200 years ago today, in the morning of 20 March 1811, Paris reverberated with 101 gunshots announcing the birth of the longed-for heir to the imperial throne. In 1809 Emperor Napoléon I had divorced Empress Joséphine as she was unable to give him the heir he felt the Empire needed in order to survive him and in her place he had taken as his wife Archduchess Marie-Louise of Austria. The birth of their first child nearly a year after the wedding was however complicated and the infant remained their only child.
Born at 8.20 a.m. at the Tuileries Palace, the Prince Imperial was given the names Napoléon François Joseph Charles and the title King of Rome. He was christened in Notre-Dame on 9 June 1811.
The birth of the heir might in hindsight be considered the high point of the First Empire. The decline began already the following year with the disastrous Russian campaign and in April 1814 Napoléon I was forced to abdicate and go into exile. Empress Marie-Louise fled to Vienna, taking her son with her, and the former Emperor never saw his wife or his son again.
At the end of his second reign, the so-called Hundred Days, Napoléon I abdicated on 22 June 1815 in favour of his son, who then became Emperor Napoléon II. But he remained in Vienna and his short reign came to an end on 7 July, when the fugitive Louis XVIII was again proclaimed King of France.
The former Napoléon II was renamed Franz and given the title Duke of Reichstadt by his maternal grandfather, Emperor Franz I of Austria. He lived out the remainder of his life at the Austrian court, where he was kept under surveillance and generally encouraged to forget everything about his French past, which he refused to do.
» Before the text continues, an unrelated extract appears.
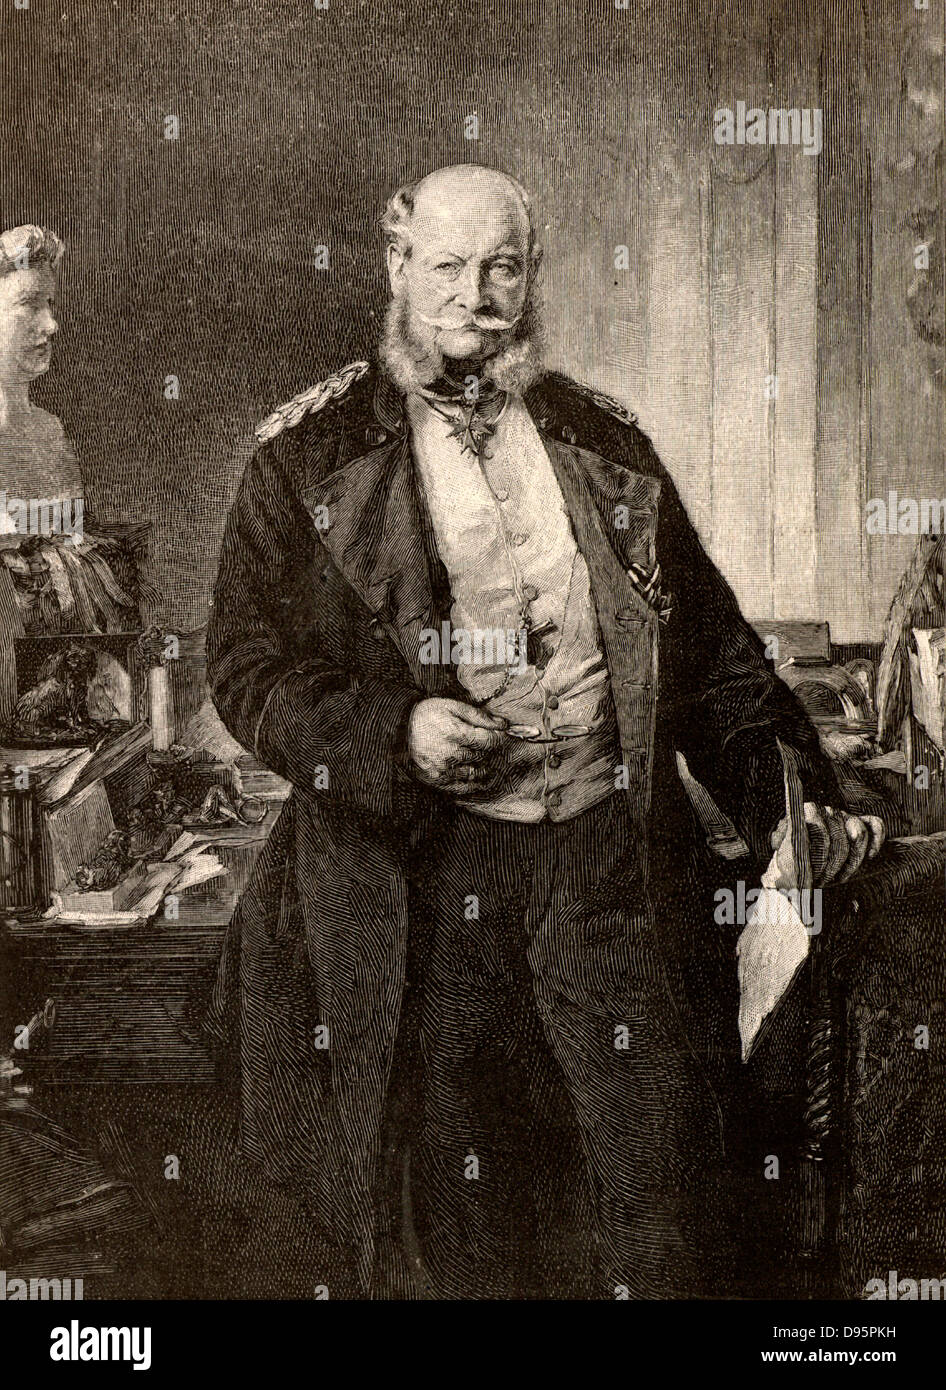 Wilhelm I (Wilhelm I - 1797-1888) siebte König von Preußen und ersten Kaiser von Deutschland von 1861. Gravur von "Der englische Illustrierte" (London, 1888). Stockfoto

The Duke of Reichstadt died from tuberculosis at Schönbrunn Palace on 22 July 1832, aged only 21. In December 1940 his mortal remains were, on the orders of Adolf Hitler, brought to Paris and interred in the crypt where his father had been laid to rest after his remains were brought back from St Helena a hundred years earlier.
The portrait of the King of Rome wearing the Grand Cross of the Legion of Honour was commissioned in 1812 from François Gérard by Empress Marie-Louise, who had it sent to her husband in Russia. It arrived on the eve of the Battle of Moskowa and the Emperor had it put on display outside his tent to inspire his troops. Today it is to be found in the Musée Napoléon Ier at Fontainebleau Palace.